Die Guttenberg-Blase

Der Verteidigungsminister ist der Star im Kabinett. Doch sind die Scheinwerfer aus, bleibt wenig vom Glanz des Karl-Theodor zu Guttenberg. Ergebnisse bleibt er schuldig, Reformen kommen nicht voran. Von Thomas Steinmann und Joachim Zepelin

Verteidigungsminister, Guttenberg, Umfragewerte, Kanzlerin, Karl-Theodor zu Guttenberg

Verteidigungsminister Karl-Theodor zu Guttenberg im März bei der Besichtigung der Fregatte "Mecklenburg-Vorpommern"© Carsten Rehder/DPA

Es ist unangenehm kalt auf der Ostsee, doch Karl-Theodor zu Guttenberg ist warm eingepackt. Der Verteidigungsminister steckt in einer marineblauen Jacke mit Namensaufnäher, sein Schopf unter einer Baseballmütze, um seinen Hals baumelt ein Fernglas in Tarnfarben. Guttenberg ist gut gerüstet für seinen Antrittsbesuch bei der Marine in der Eckernförder Bucht.
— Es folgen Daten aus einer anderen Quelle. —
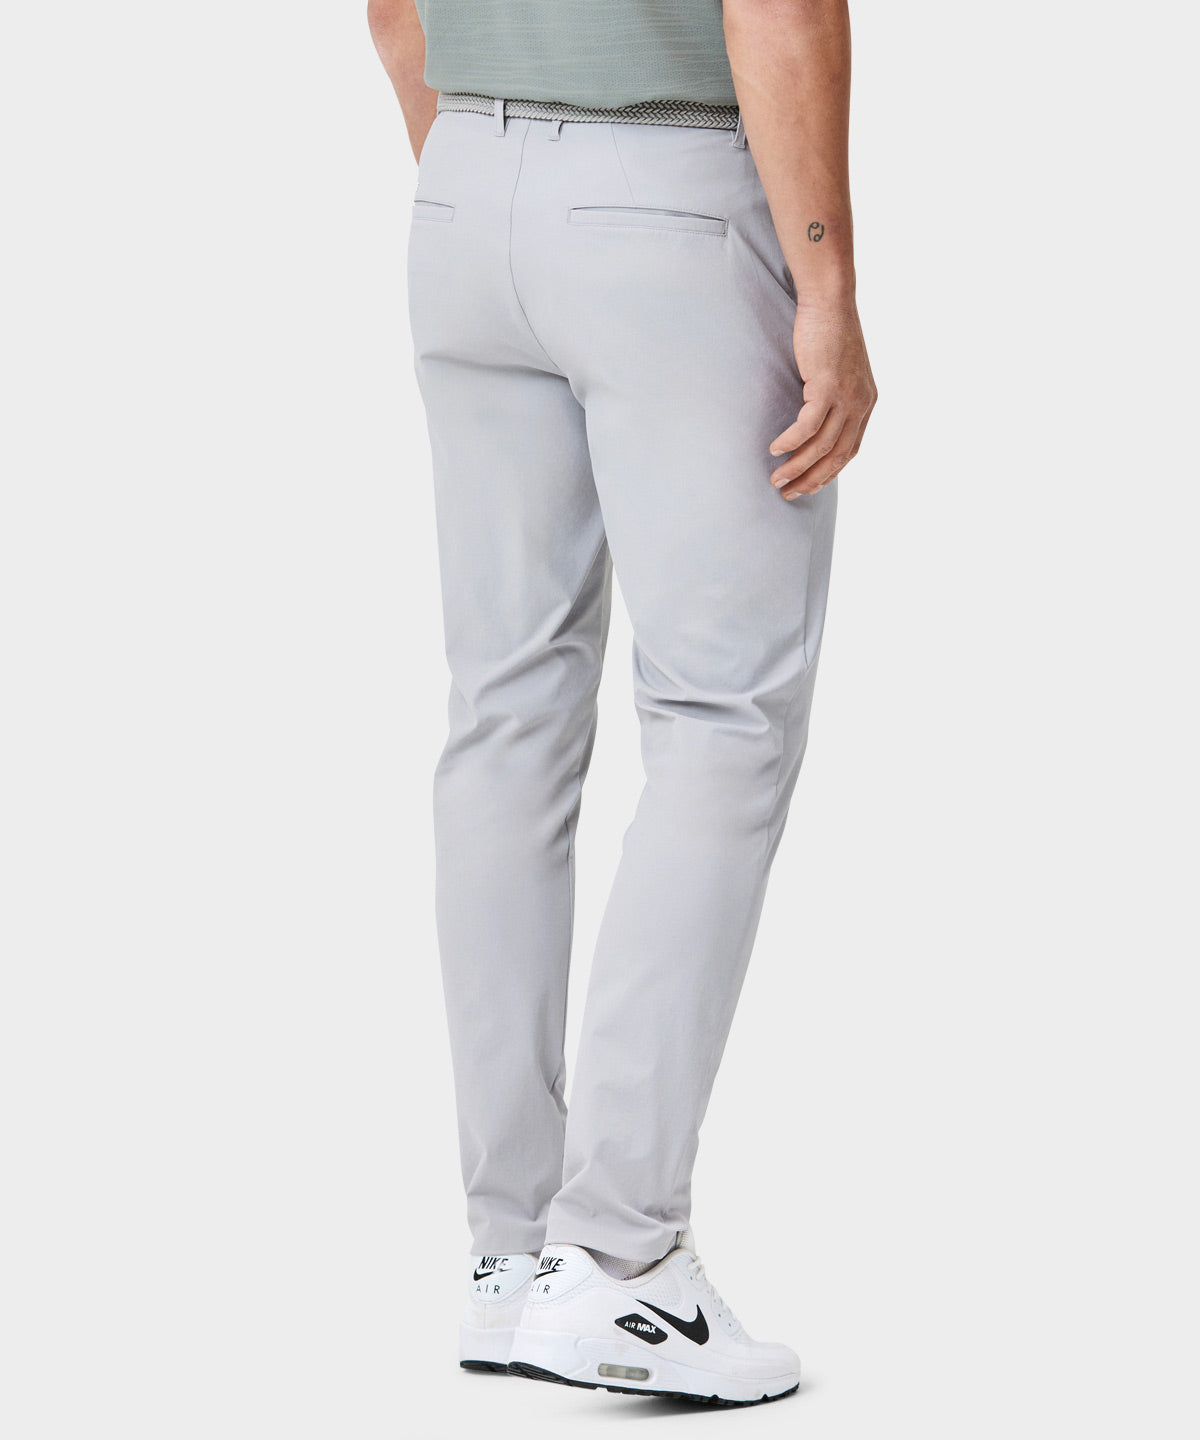 Light Gray Lightweight Trouser

An Bord der Fregatte "Mecklenburg-Vorpommern" lässt er sich am Dienstag vorführen, wie seine Soldaten Schnellbootangriffe abwehren, Seeminen sprengen und sich aus einem Hubschrauber abseilen. Guttenberg sagt: "Die Marine ist seit Jahren eine Armee im Einsatz. Mich hat beeindruckt, wie man die Einsatzrelevanz darstellen kann." Die Fotografen machen schöne Bilder, die den Verteidigungsminister bei seiner Truppe zeigen. Die Bilder sind immer schön, wenn Guttenberg auftritt, zu Lande, zu Wasser und in der Luft, beim Truppenbesuch in Afghanistan, auf der Münchner Sicherheitskonferenz, auf der Couch bei "Wetten, dass ...?" und bei den Olympischen Winterspielen in Vancouver, wo er sich in einem Bob ablichten ließ.
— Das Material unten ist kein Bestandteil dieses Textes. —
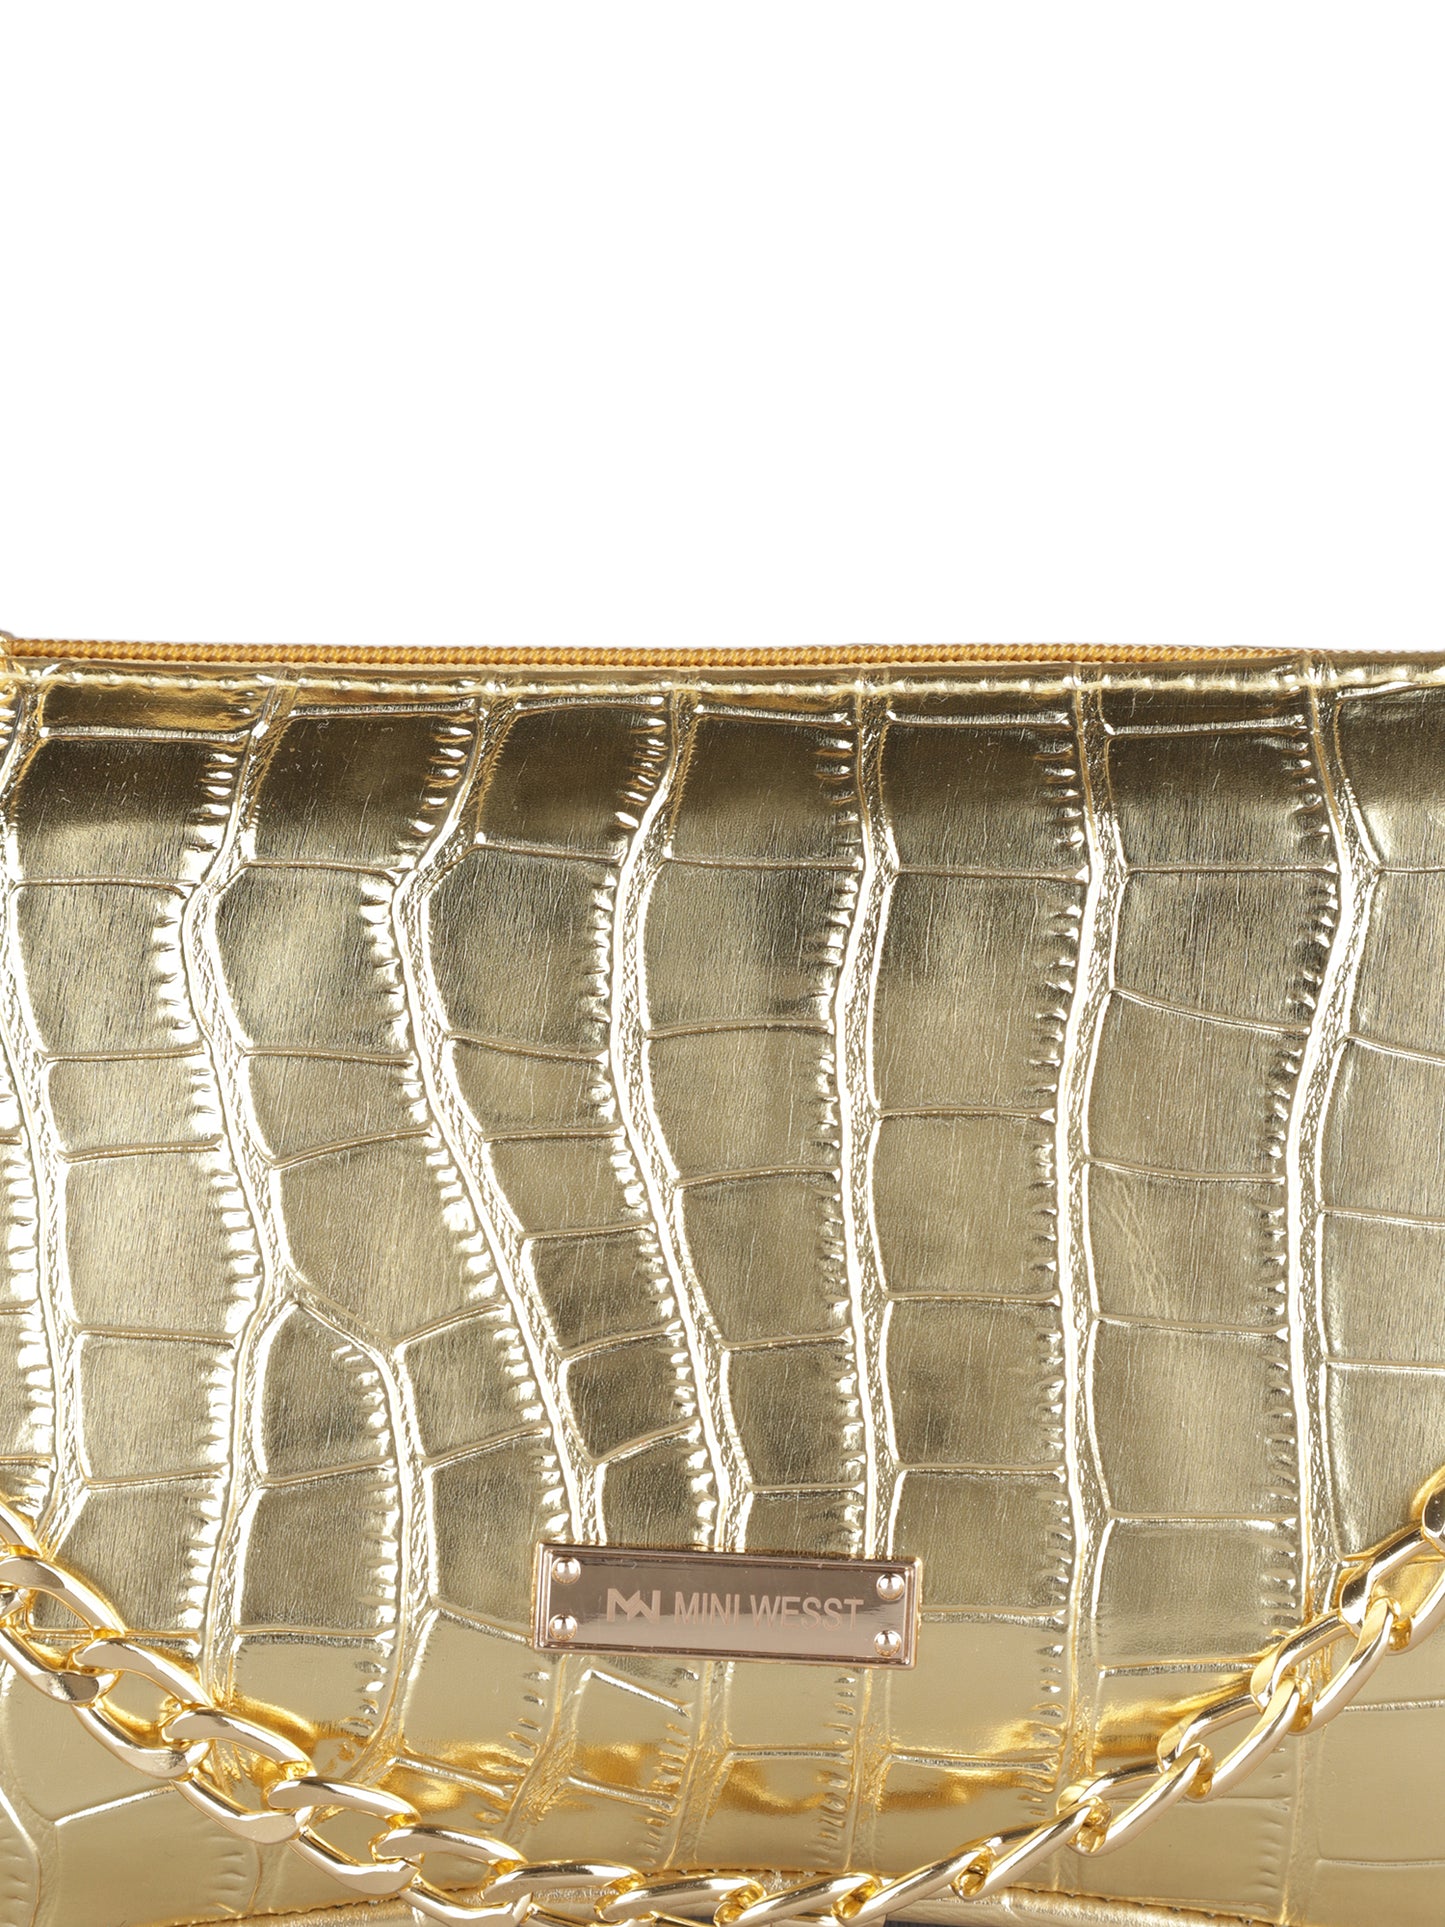 MINI WESST Women's Gold  Handbag(MWSB0005GD)

Die Inszenierung des Jungstars der deutschen Politik, der das verschnarchte Wirtschaftsministerium aufmischte und nach der Nacht der Opel-Rettung im Mai als Symbol eines neuen Politikertyps gefeiert wurde, kommt in der Öffentlichkeit immer noch an. Auf der Liste der beliebtesten Politiker steht Guttenberg mit 69 Prozent Zustimmung ganz oben. Dort finden sich eigentlich Außenminister oder Kanzler, Verteidigungsminister stehen eher weit hinten. Doch bei Guttenberg glauben viele, dass der Showstar auch Kanzler kann.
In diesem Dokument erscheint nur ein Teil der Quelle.